Since the eighteenth century, the ability to divine—to correct textual errors not by consulting new manuscript evidence but by brilliant conjectural emendation—has been seen as the greatest gift of the consummate philologist: one of the pillars on which the professional authority of classical scholars rests. Textual divination was practiced in earlier centuries as well.

But its reputation was problematic. Renaissance humanists described divination as at best a pragmatic way to try to repair a text when all the manuscripts were obviously corrupt or illegible and a solution had to be invented. They engaged in this practice unwillingly at best. At worst they condemned it. Some even connected it with the forms of divination practiced by witches and necromancers: efforts to predict the future by scrutinizing the behavior of molten lead in water or interpreting the bones of animals, which were forbidden. 

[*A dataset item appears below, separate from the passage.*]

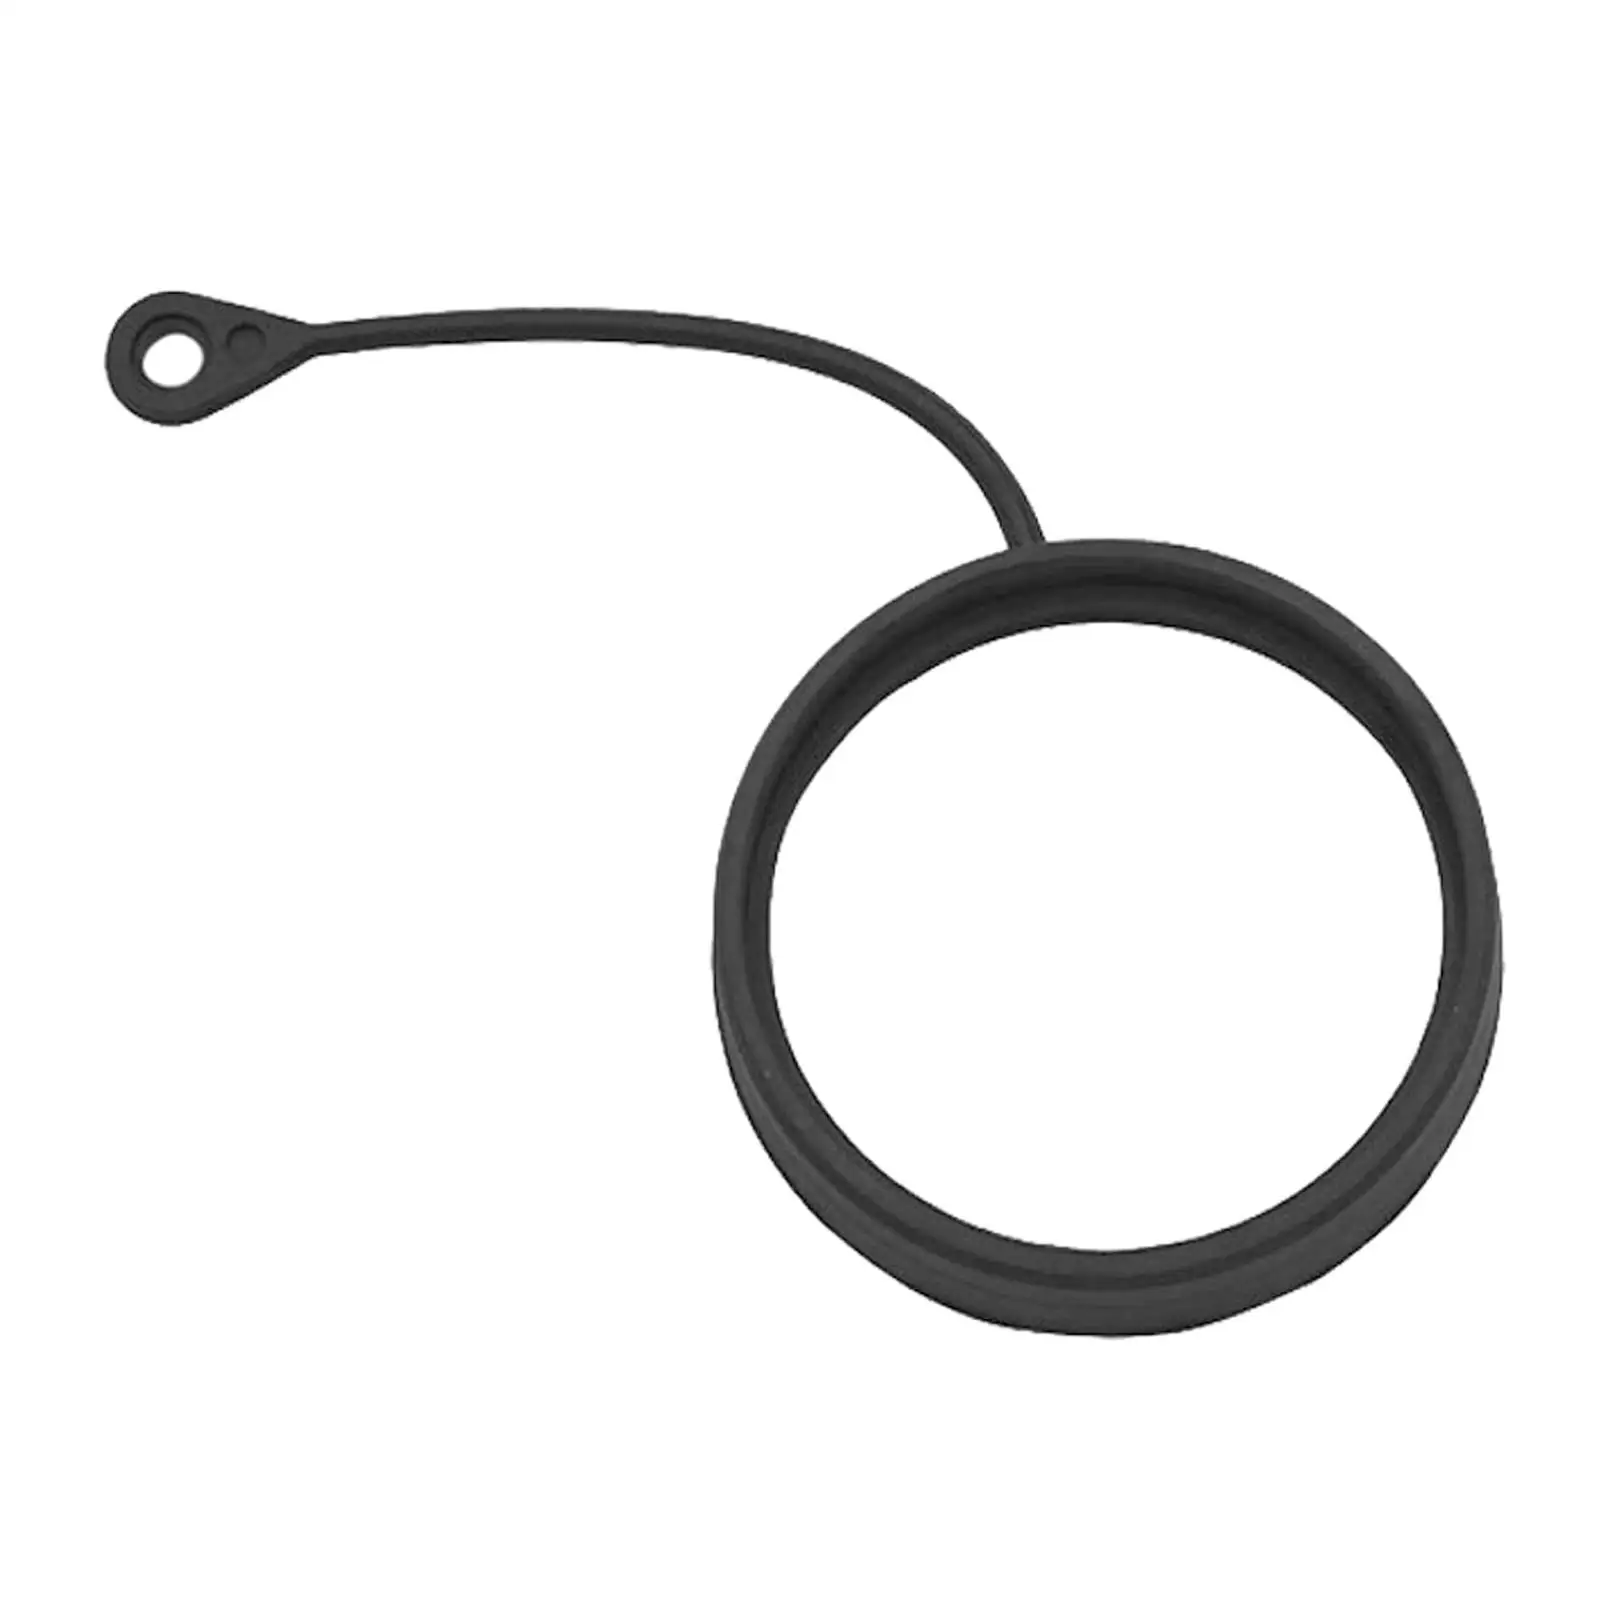 Vehicle Fuel Tank Caps Cord Line Wire, Accessory ABS Gas

In this lecture, I trace the way in which divination took on a positive meaning. To do so I will invite my hearers to come with me into the worlds where past scholars worked: studies, lecture halls, and printing houses. We will look with special care at the scholarly work of one of the greatest European humanists, Desiderius Erasmus, as he interpreted and edited texts. I will argue that his experience in the printing house—an experience he shared with many other scholars—transformed his understanding of the critic’s task, enabling him to see rational conjecture as a valid and necessary scholarly operation, and that others gradually came to accept his view and build on it. Epistemic assumptions shifted, eventually. But practices changed first, and it is only by watching them develop that we can tell this chapter in the larger story of the humanities.

About the speaker:
Frederik Stjernfelt, professor at Department of Communication at Aalborg University, writes about the speaker:
Anthony Grafton is full professor at Princeton University. He is an eminent intellectual historian specializing in early-modern European history of scholarship. Among many other books, he has published “Defenders of the Text: The Traditions of Scholarship in the Age of Science, 1450-1800” (1991) on the development of philology and the humanities, and “Worlds made by Words” (2009) about the emergence of the networks of scholarship known as “the republic of letters”.